Rajoy y los mayas
El presidente está saliendo al paso de los problemas, sin resolverlos
Si usted, querido lector, está leyendo esta columna es que hoy, 21 de diciembre del 2012, no se ha acabado el mundo. O sea, Rajoy permanecerá al frente de los destinos de España. Y el milagro no es que no se haya producido el apocalipsis, sino que este país siga vivo, que no haya fenecido de las muchas metástasis que se extienden por su cuerpo. España continúa existiendo a pesar de la predicción de los mayas y de la acción del Gobierno, y eso ya es un motivo de celebración. Sobre todo porque tampoco hay oposición ni el suficiente pulso en la sociedad civil como para emprender la dirección correcta. El Gobierno empuja con sus recortes en una estrategia de acción monocorde, y la sociedad, indignada y perpleja, reacciona en su contra. Tesis y antítesis que nunca acaban de encontrar una síntesis.
En cierto modo, en 2012 sí hemos asistido al final de algo. Para empezar, al fin de la soberanía nacional. Ahora las declaraciones de Draghi o las decisiones de Merkel nos afectan casi más que toda la retahíla de medidas del Gobierno. O, más bien, estas responden a las exigencias de aquéllos. Luego está el derrumbe del pacto constitucional, que encuentra en la deriva de Cataluña su manifestación más flagrante, arrastrando con ella todo el edificio de las autonomías. Pero también la imposibilidad de hacer justicia a los principios que declaramos en nuestra Ley Fundamental. La parte social del Estado social y democrático de derecho es papel mojado y sin visos de ser regenerada a corto plazo. Y el diseño del esquema de representación política hace aguas por todos lados. Tanto por las características del sistema electoral como por la incapacidad de los partidos para regenerarse. 2012 puso fin también al bipartidismo imperfecto que, con sus altibajos, venía caracterizando a nuestra democracia. Y la izquierda sigue sin ofrecer una alternativa unitaria y creíble. Es un horizonte de falta de fe en las alternancias de partido porque el ánimo dominante es hoy la desconfianza y la desazón hacia la política sistémica sin que esta, desorientada, sepa reaccionar.

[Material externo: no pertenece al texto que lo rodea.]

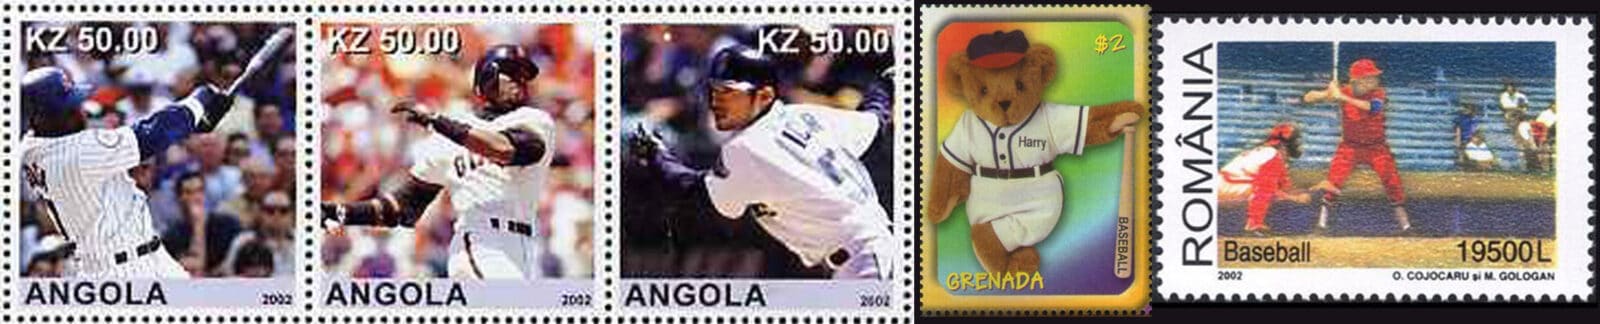 2002 Baseball Postage Stamps Header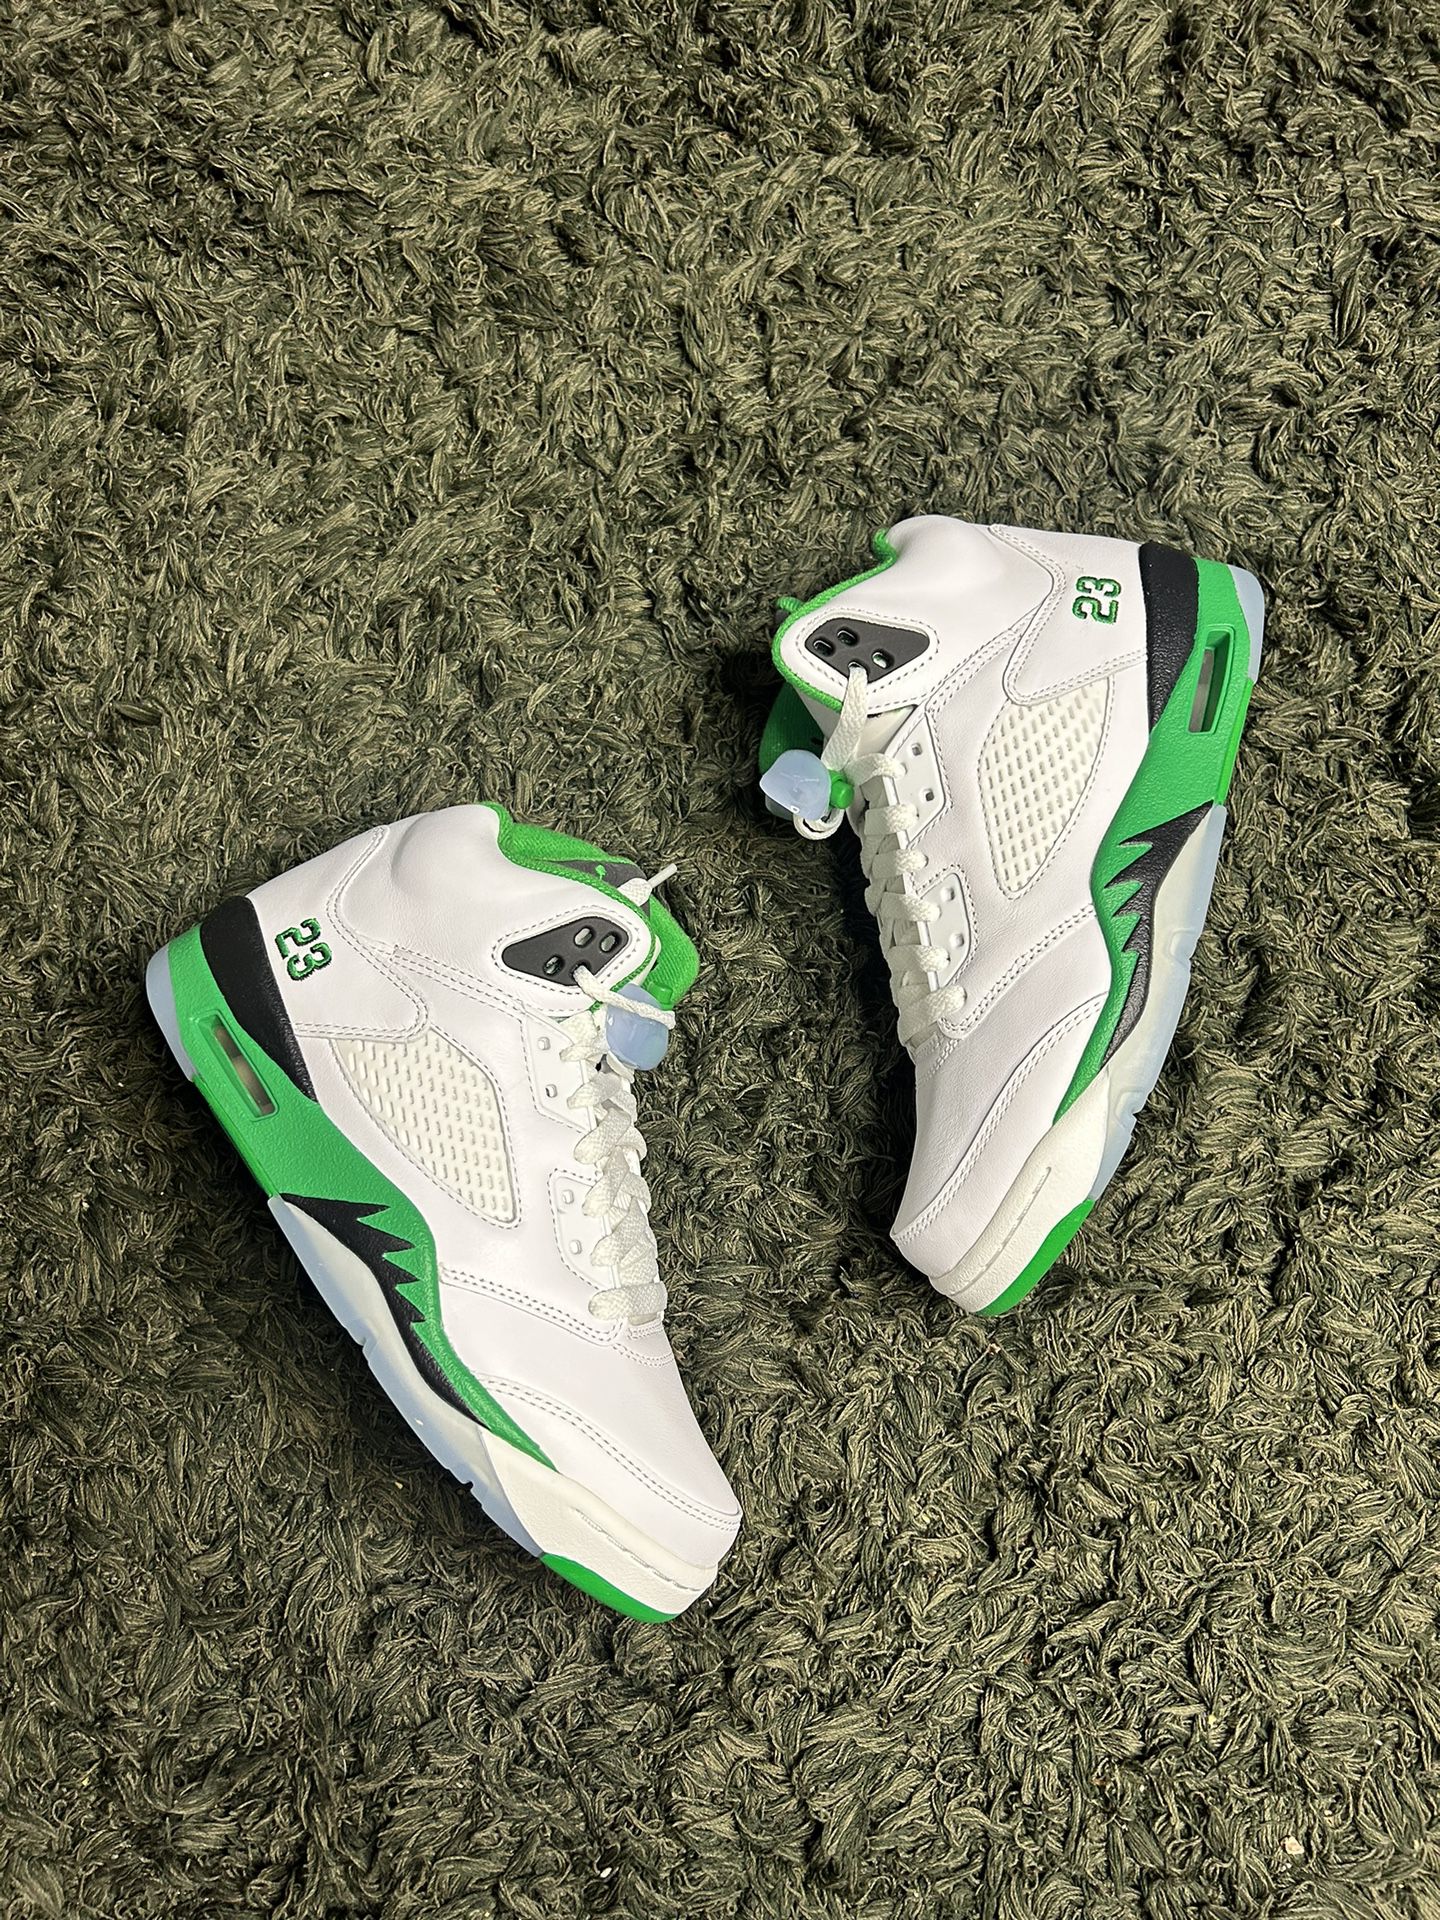 Wmns Air Jordan 5 Retro Lucky Green

Al no tomar nota de esta situación, el primer año de la Era Rajoy ha sido un año perdido. No ya tanto por lo que el Gobierno ha hecho —fundamentalmente recortar y, eso sí, poner orden en el caos bancario—, sino por lo que ha dejado de hacer. La estrategia de Rajoy ha sido doble. Por un lado, y contrariamente a lo que caracterizó a Zapatero, poner a sus ministros de escudos protectores frente a la ira de la gente. De esta forma, el presidente no solo no lidera, sino que se esconde. No es mala maniobra. El descontento se fracciona y el pagano pasa a ser el titular de alguna de las carteras conflictivas, como si sus políticas fueran el capricho de cada uno de los afectados en vez de una política general del Gobierno. De esta forma, la irritación, ya de por sí fraccionada y con tintes corporativos, se dirige a las extremidades, no a la cabeza —véase el caso Wert—. Esto, por cierto, podría indicar otro final, el de los Gobiernos presidencialistas.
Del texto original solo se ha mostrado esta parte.